*Available data*:

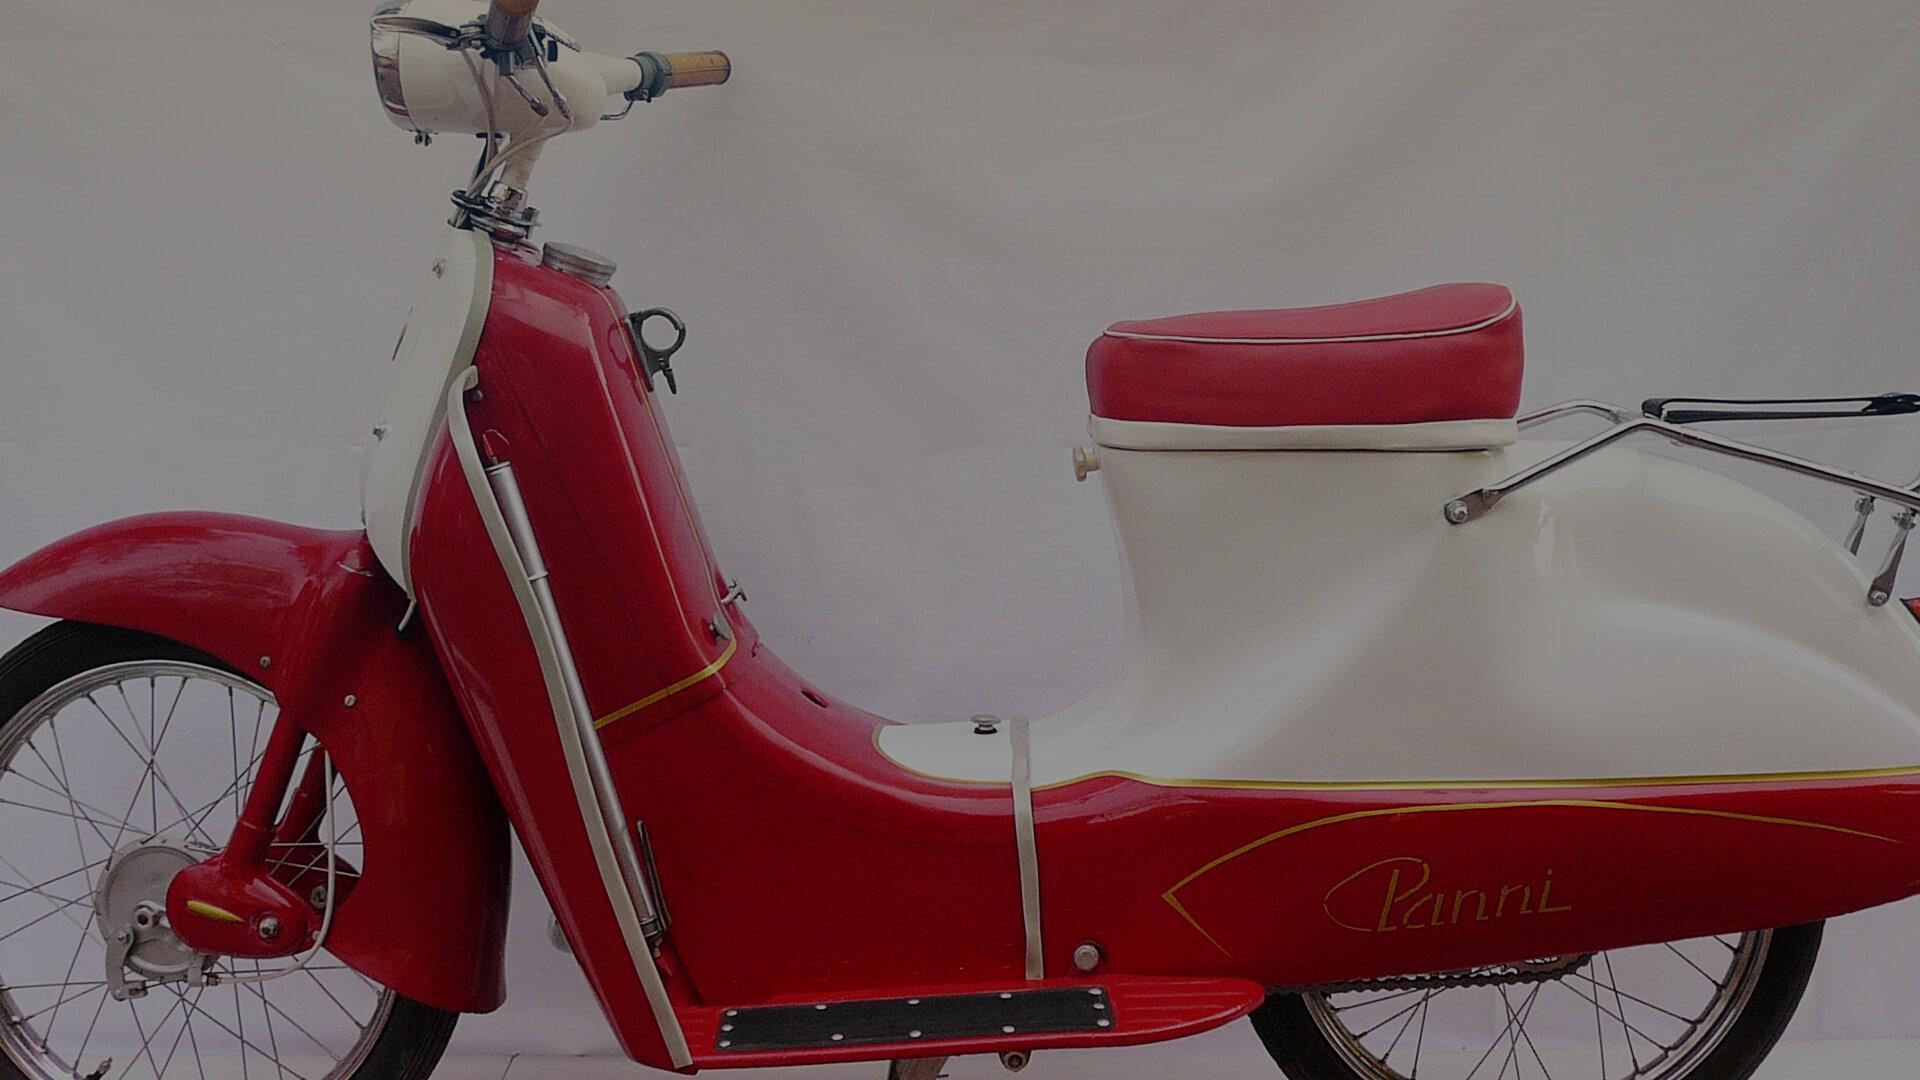 PANNI miniscooter, 49 cc, 1961
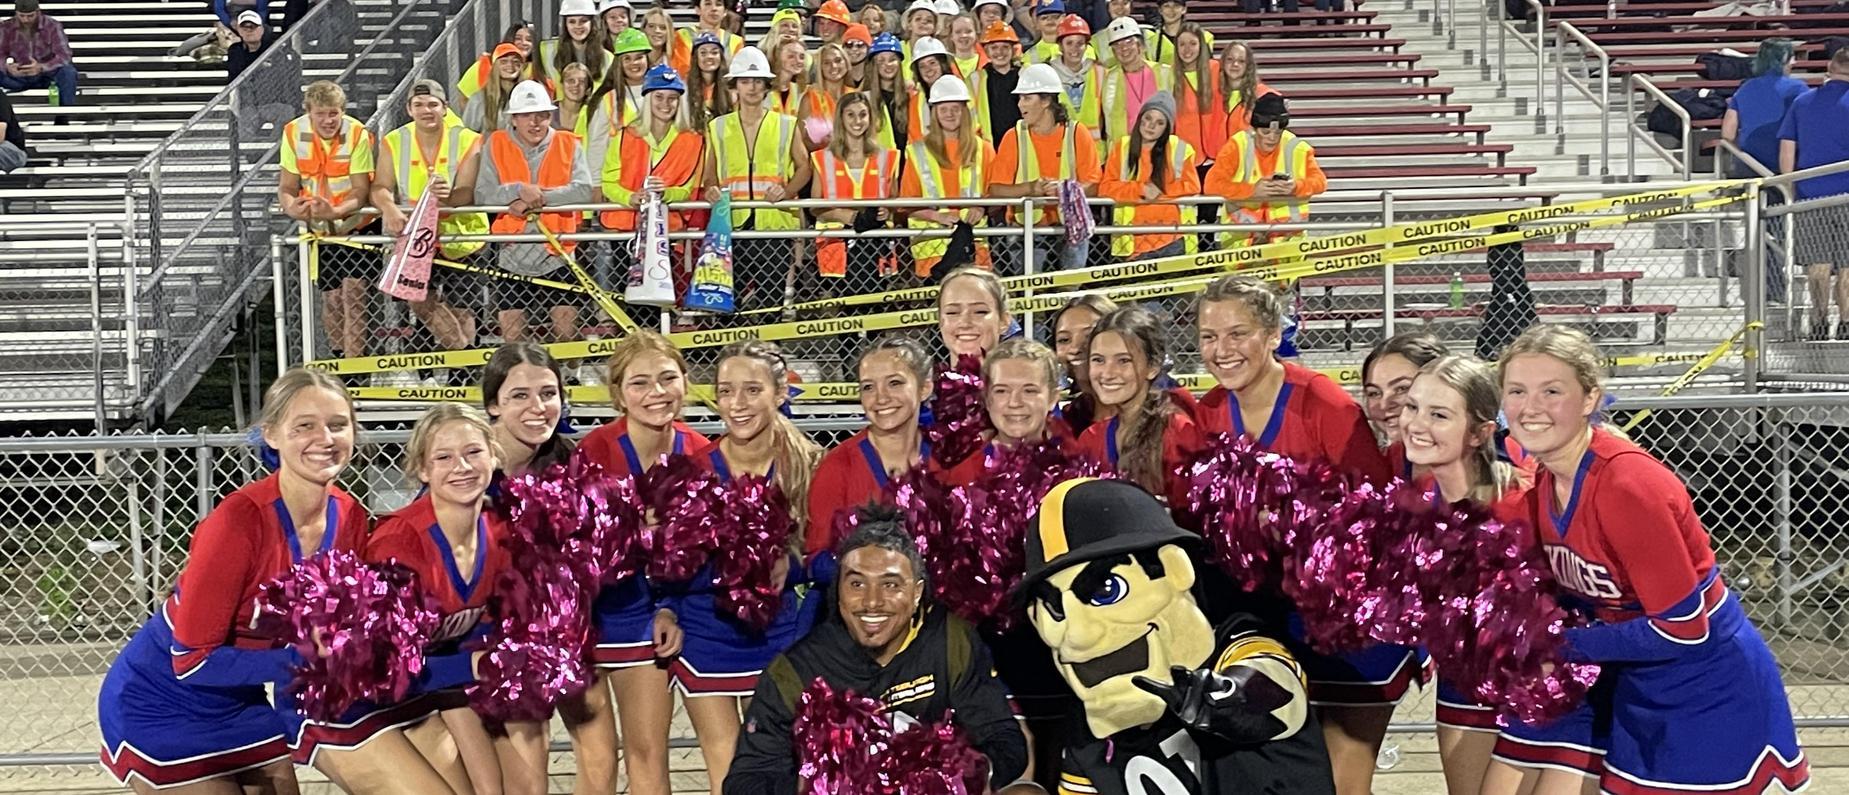 Cheer & Students
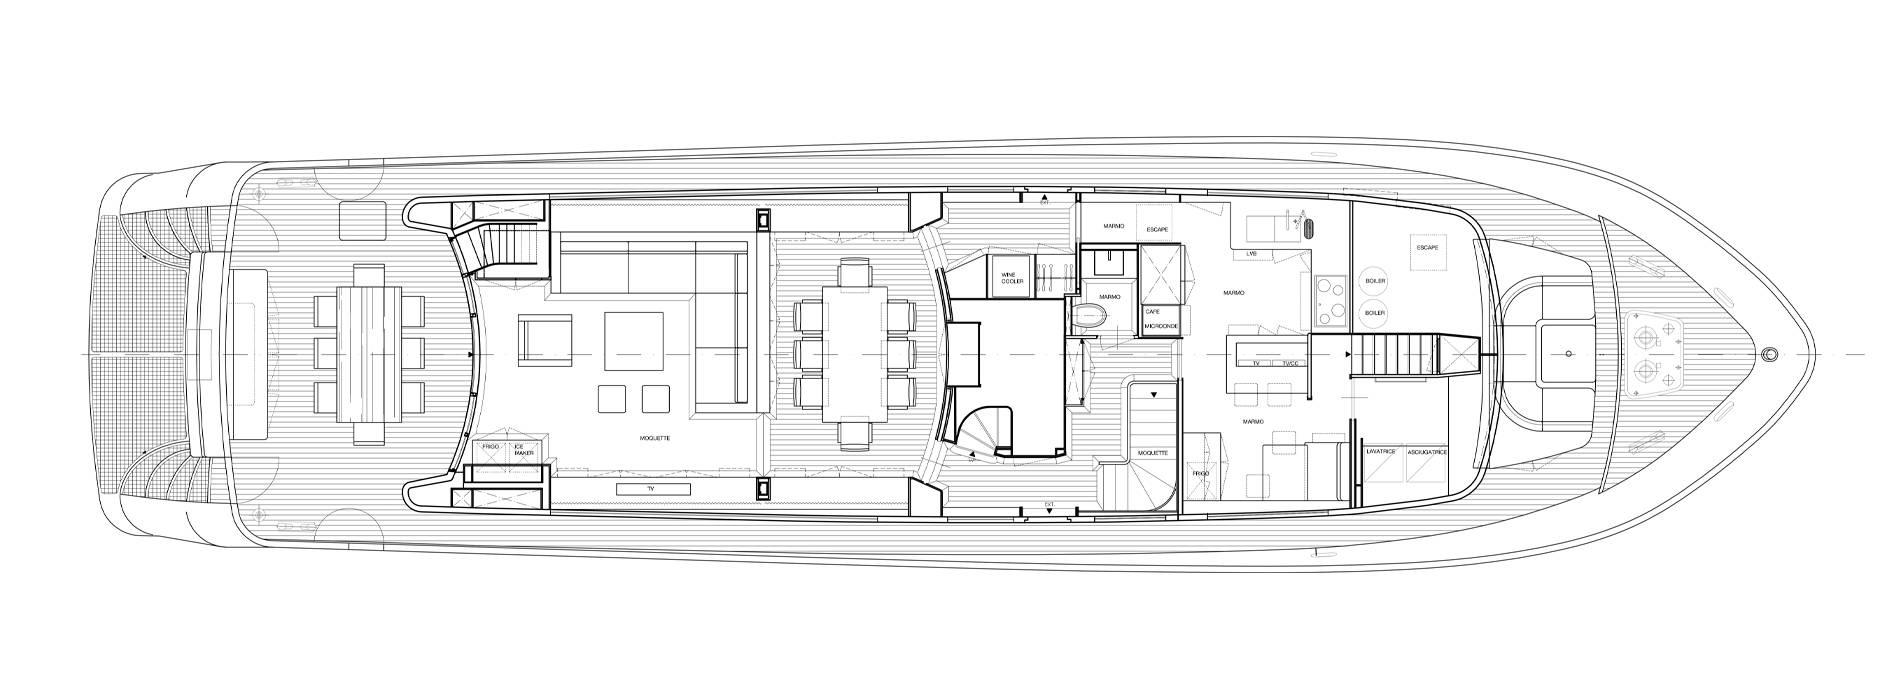 Sanlorenzo Yachts SL88-541 Главная палуба
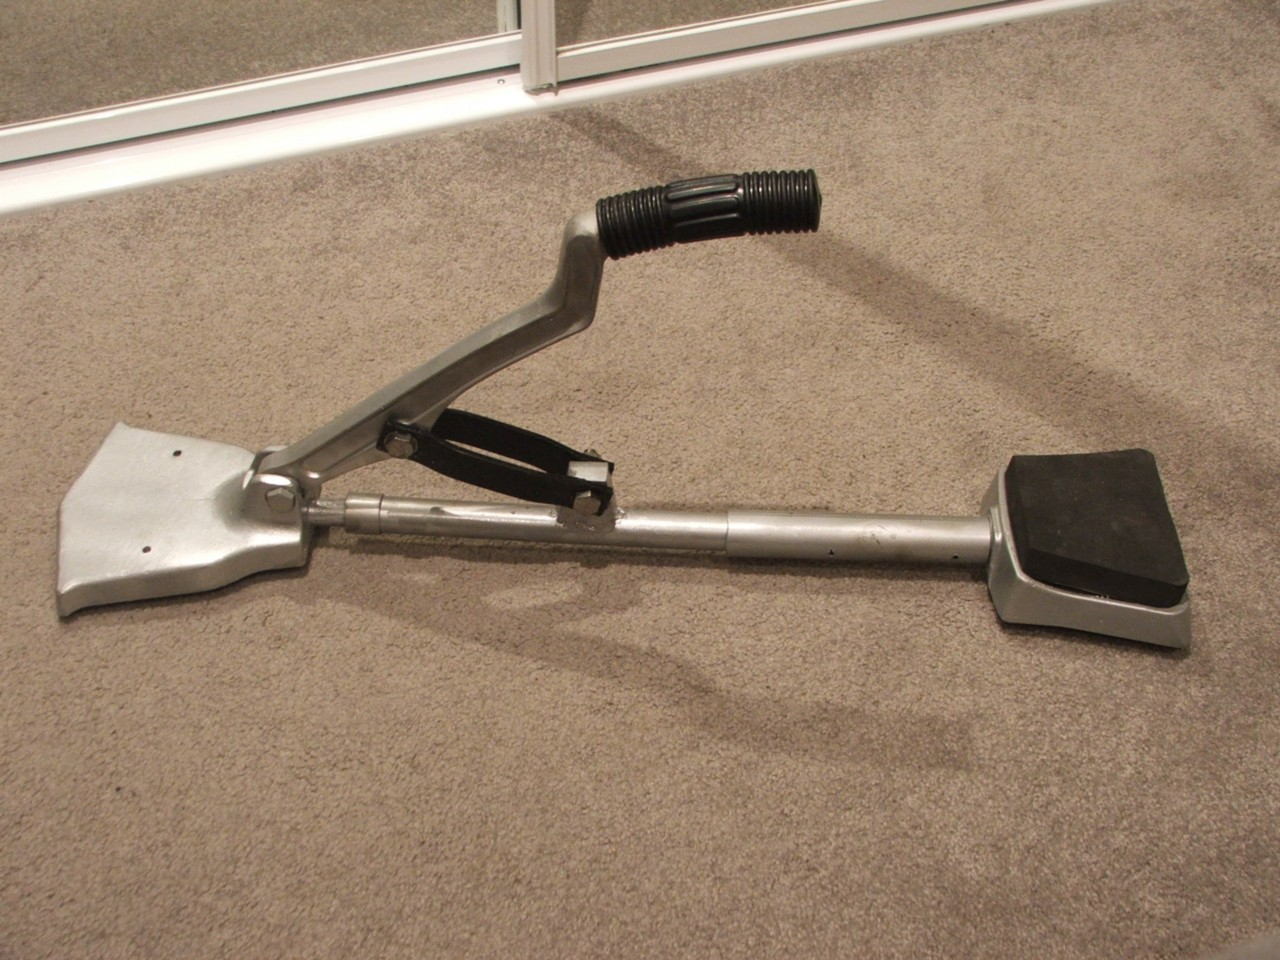 Carpetlayers Power Stretcher Knee Kicker Carpet Tools | eBay

*Your task*:
Now write out the data word for word, skipping every picture in it.

*Written answer*:
 PANNI miniscooter, 49 cc, 1961
 Cheer & Students
 Sanlorenzo Yachts SL88-541 Главная палуба
 Carpetlayers Power Stretcher Knee Kicker Carpet Tools | eBay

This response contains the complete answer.